Тетю Варю я помню очень давно, лет с семи. Но первое её знакомство со мной, говорят, обошлось ей дороговато. - Две молодухи любовались своими первенцами: мама - мной, а тётя Варя - Колей (твоим папой). У Коли потребовалось переменить пеленки, тётя Варя взяла меня на руки, а мама - Колю; трагический миг - и прекрасное белоснежное платье тети Вари окрасилось в нескольких местах в неподражаемый жёлтый цвет. Вытаращив глаза, смотрели две молодухи друг на друга: что делать, ведь до дому далёконько. Ну, последующее предоставляю твоей фантазии и домыслу.
Тётя Варя была красива, весела и приветлива. Я никогда не чувствовал себя связанным в её присутствии. И я видел, что любовью и уважением пользовалась она у всех, кто знал её. Ничего купеческого, ничего мещанского, никакой заносчивости. А ведь всё это, Коля, в те времена могло быть: вспомни "Детство" и "В людях" Горького! И читая его, я постоянно сопоставлял семью чертёжника и семью И.А. Беляева. Какой контраст!!!
Последний раз я видел тётю Варю в Москве у Зины (Быковой, твоей тети).

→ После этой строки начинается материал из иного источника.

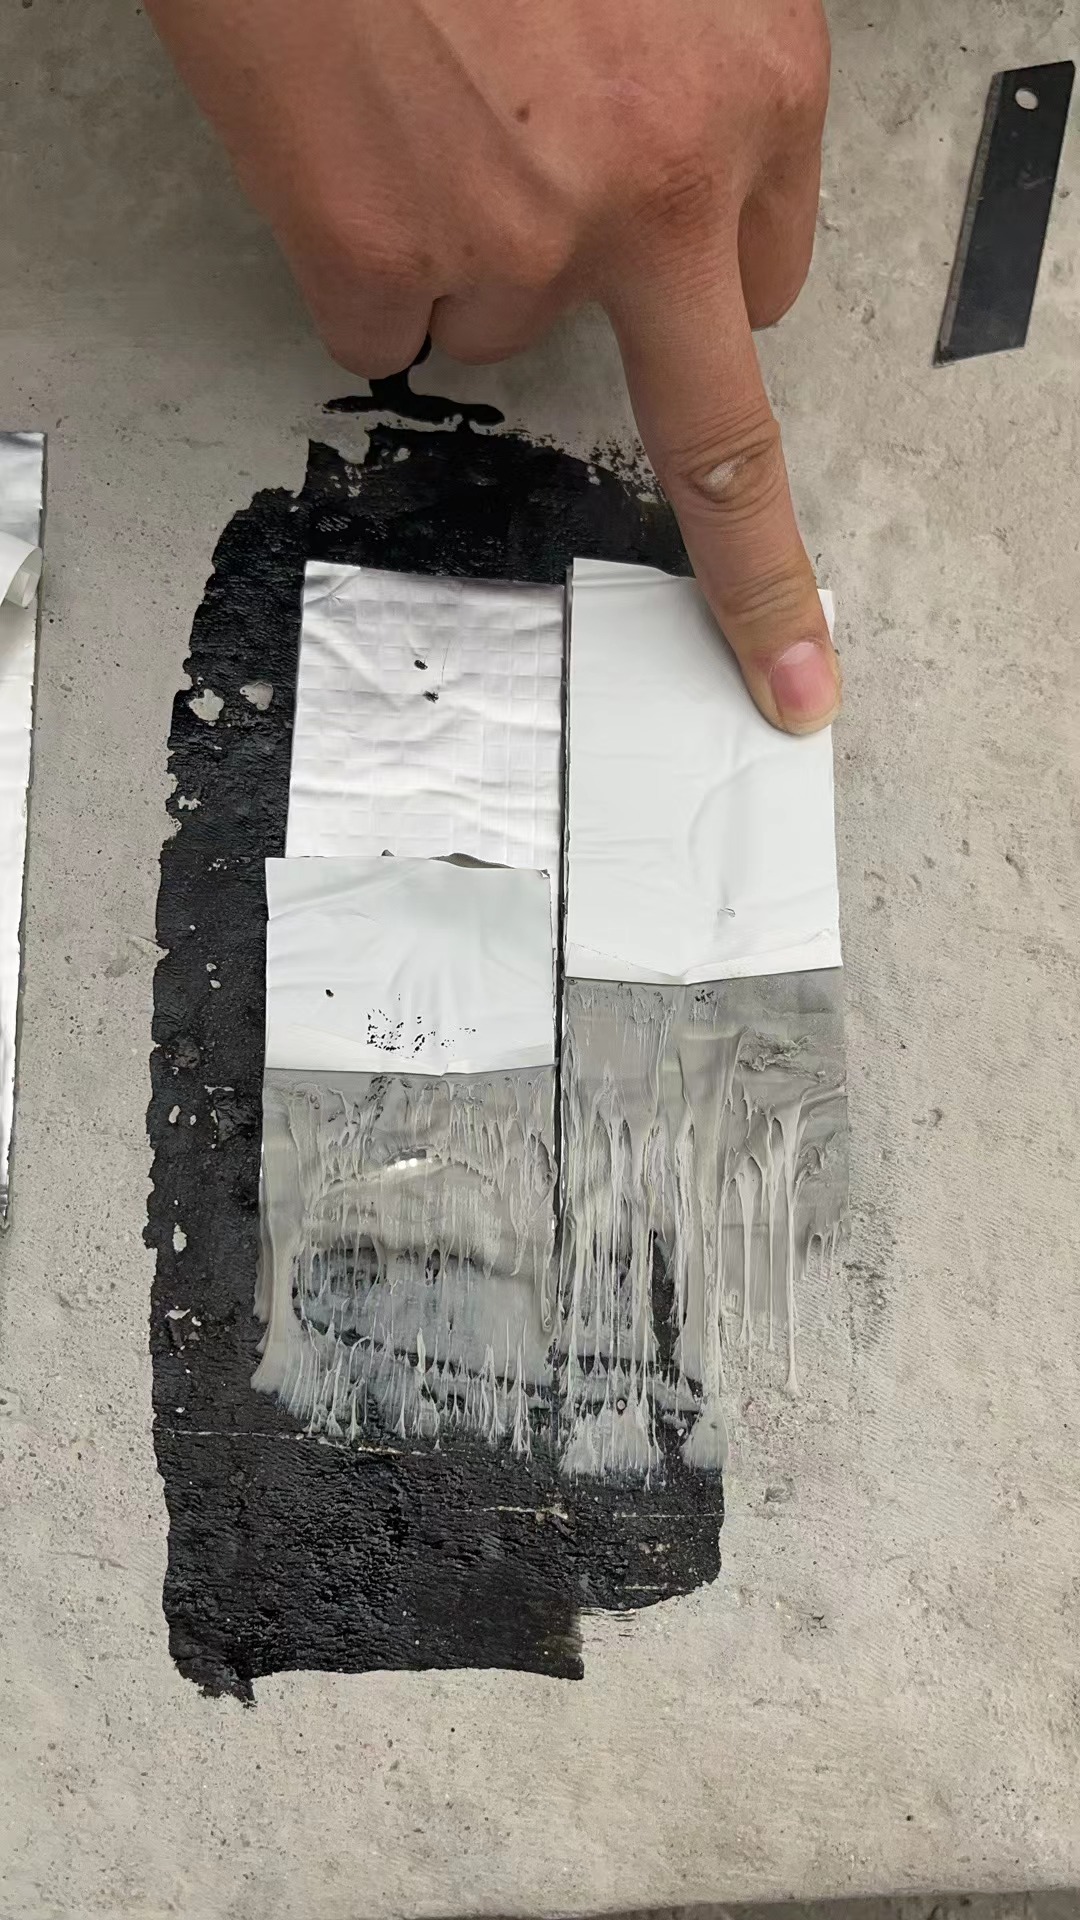 Adhesive test of aluminum foil tape

Мы радостно встретились, говорили, вспоминали... Я видел на стене хорошую копию "Берёзовой рощи" Куинджи; похвалил копииста-художника; а тётя Варя мне: "Ты подойди поближе, погляди: ведь это я вышила..." Я был поражен.
Мы с тётей Аней очень горевали, когда узнали о кончине тёти Вари. Мир праху их, Коля!
Саша, Коля и даже Витя любили иногда добродушно подшутить над своими родителями. Но - только добродушно. И тогда дядя Ваня, смеясь, говорил: "Ах, мошенники, ах жулики!"
/Продолжение следует/
Вот в таком духе, Коля.
Году в 1923-м, что ли, был плакат: "Рычи, Китай!" - и стихи. Мы, молодёжь, если кому рекомендовали что-то прочесть, говорили: "Рычи, читай!" Боюсь, не будешь ли ты рычать, читая мои письмена? Ну, пока! Привет всем!
23/XI-72 г.
P.S. 23-го я уехал в Горький: умерла Татьяна Михайловна, жена покойного моего брата Бориса Павловича.
Но 24-го на похороны я не попал: меня хватил инфаркт острой формы.
Я в больнице в Горьком.
Чувствую себя уже хорошо.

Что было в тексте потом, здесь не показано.